47. The method of claim 46 wherein said at least one electrochemically active material is selected from the group consisting of lithium metal oxides and lithium metal phosphates.

48. The method of claim 44 or claim 47 wherein said substrates comprise copper foil.

49. The method of any one of claim 29-32, 34-37, 39-42 or 44-47, further comprising, after step (i), transferring the remainder of said stack to a surface of an isolator.

50. A method for manufacturing a supercapacitor comprising (a) preparing two electrode active materials, each said electrode active material being formed using a method as defined in any one of claim 29, 34, 39 or 44, (b) forming an electrode from one said electrode active material on one surface of an isolator, and (c) forming an electrode from the other said electrode active material on the opposed surface of said isolator.

51. A method for manufacturing a lithium-air secondary battery comprising (a) preparing an electrode active material using a method as defined in any one of claim 29, 34, 39 or 44, (b) forming a cathode from said electrode active material on one surface of an isolator, and (c) attaching a lithium metal foil anode to the opposed surface of said isolator, wherein step (c) may be performed prior to step (a).

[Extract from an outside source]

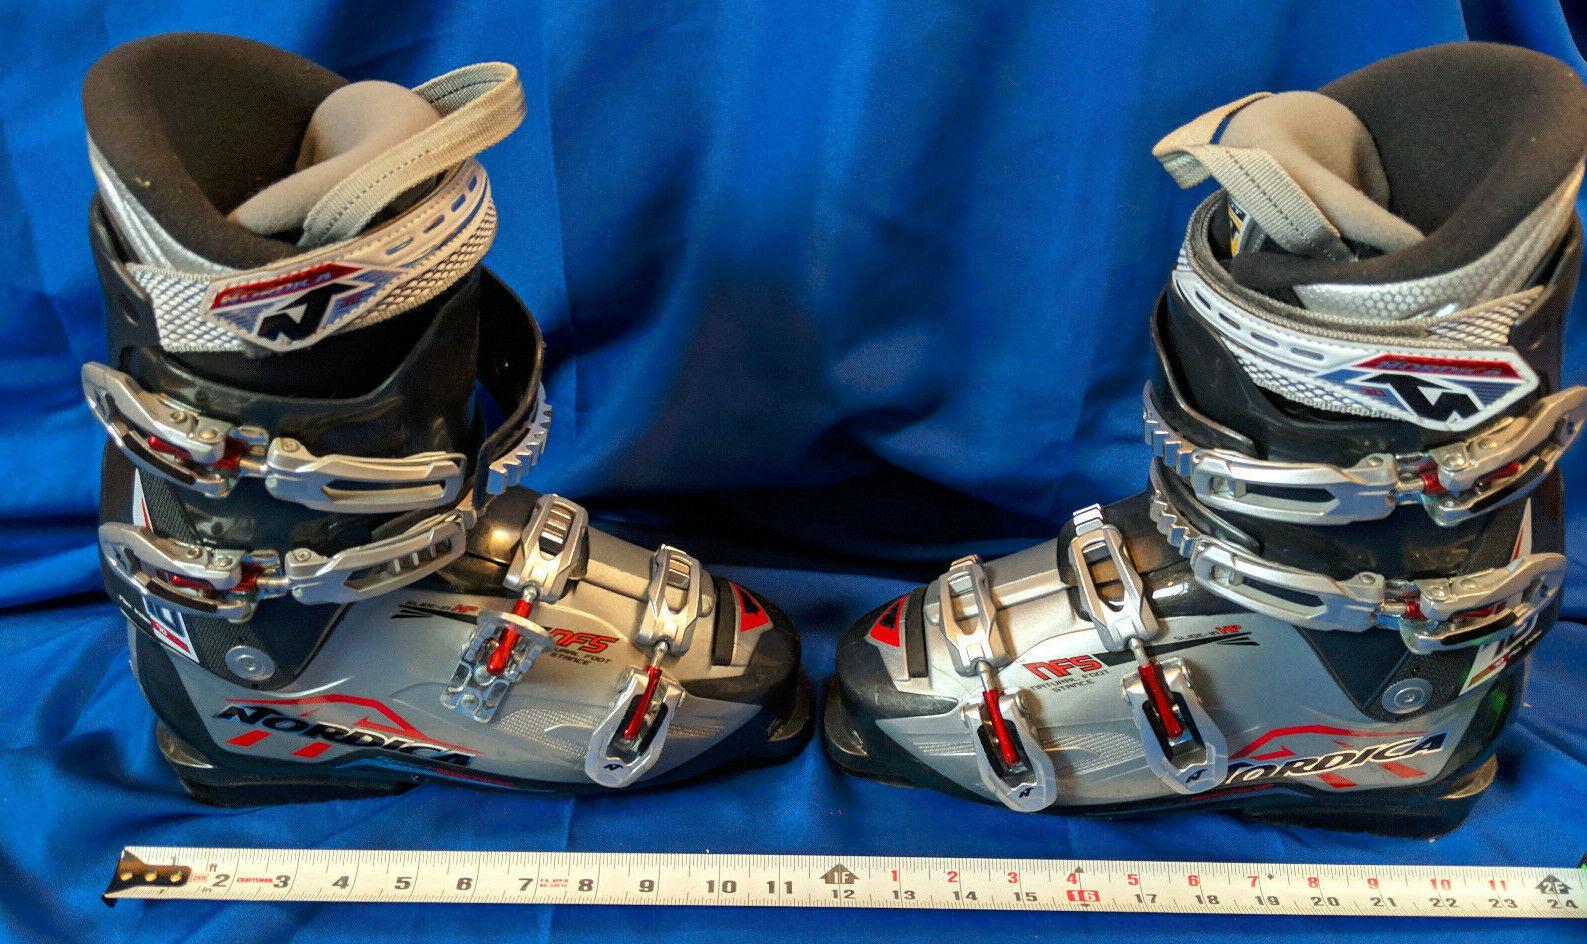 Nordica Flex Index 70 NFS 305mm Ski Boots Comfort FIt 26.5 Pro Nice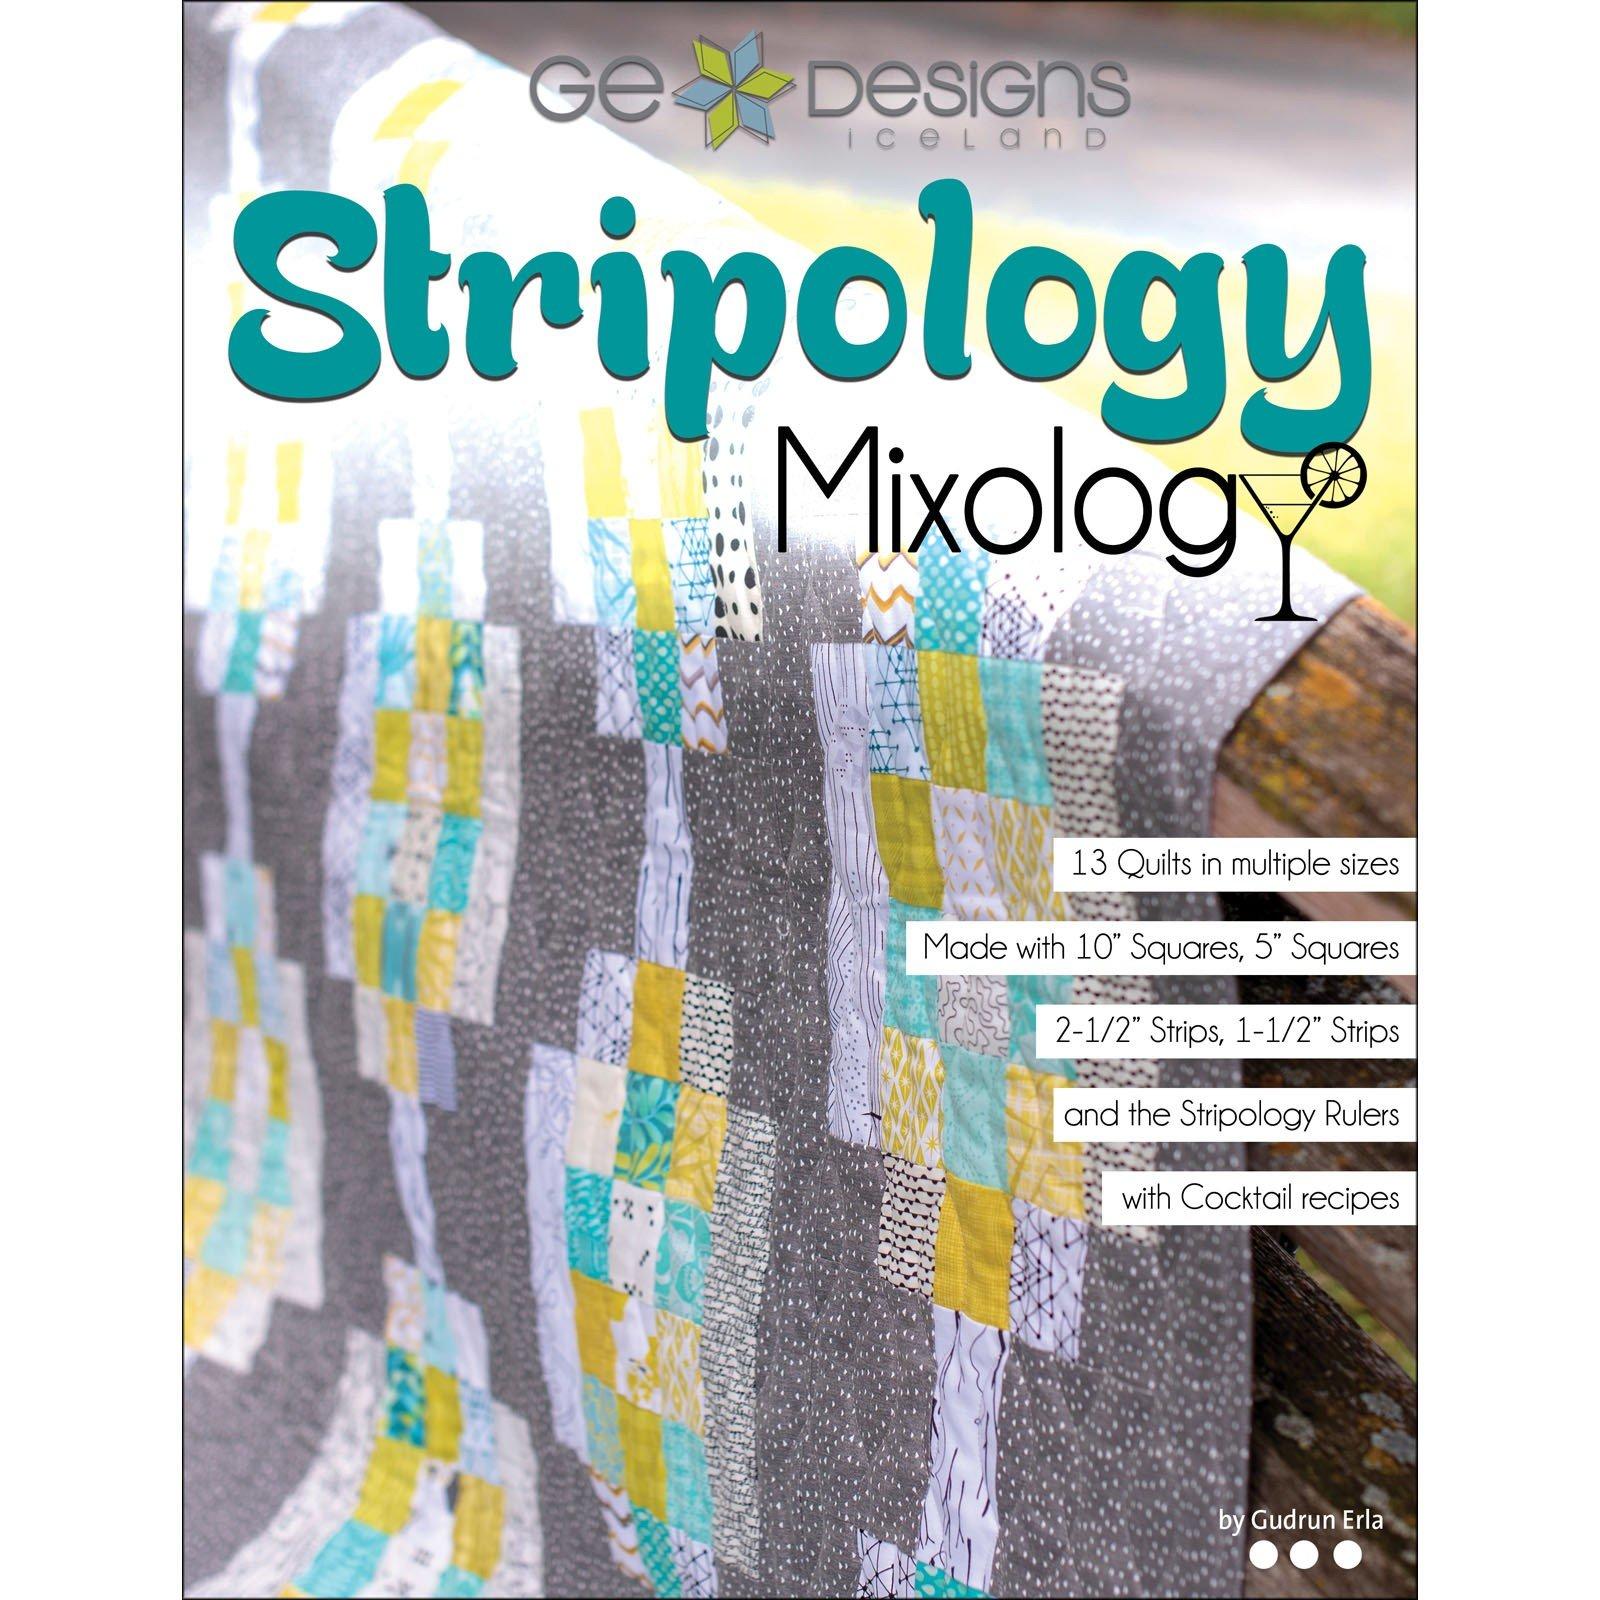 Stripology Mixology<br/>GE Designs

52. A method for manufacturing a lithium-ion secondary battery comprising (a) preparing a first electrode active material using a method as defined in any one of claim 30-32, 35-37, 40-42 or 45-47, (b) forming an anode from said first electrode active material on one surface of an isolator, (c) preparing a second electrode active material using a method as defined in any one of claim 30-32, 35-37, 40-42 or 45-47, and (d) forming a cathode from said second electrode active material on the opposed surface of an isolator, wherein step (c) may be performed prior to step (b), or wherein steps (c) and (d) may be performed prior to steps (a) and (b).

53. A method for manufacturing a lithium-ion secondary battery comprising (a) preparing an electrode active material using a method as defined in any one of claim 30-32, 35-37, 40-42 or 45-47, (b) forming an anode from said electrode active material on one surface of an isolator, and (c) attaching an aluminum current collector coated with an electrochemically active material to the opposed surface of said isolator so as to form a cathode, wherein step (c) may be performed prior to step (a).

54. A method for manufacturing a lithium-ion secondary battery comprising (a) preparing an electrode active material using a method as defined in any one of claim 30-32, 35-37, 40-42 or 45-47, (b) forming a cathode from said electrode active material on one surface of an isolator, and (c) attaching to the opposed surface of said isolator so as to form an anode a copper current collector coated with a material selected from the group consisting of intercalation carbon materials, metals, transition metal oxides, electrically conducting polymeric materials, and alloy powders, wherein step (c) may be performed prior to step (a).

55. An electrode active material formed using a method as defined in any one of claim 29-32, 34-37, 39-42 or 44-47.

56. An electrode for an energy storage device, said electrode employing the electrode active material of claim 55.

57. An energy storage device employing the electrode of claim 56.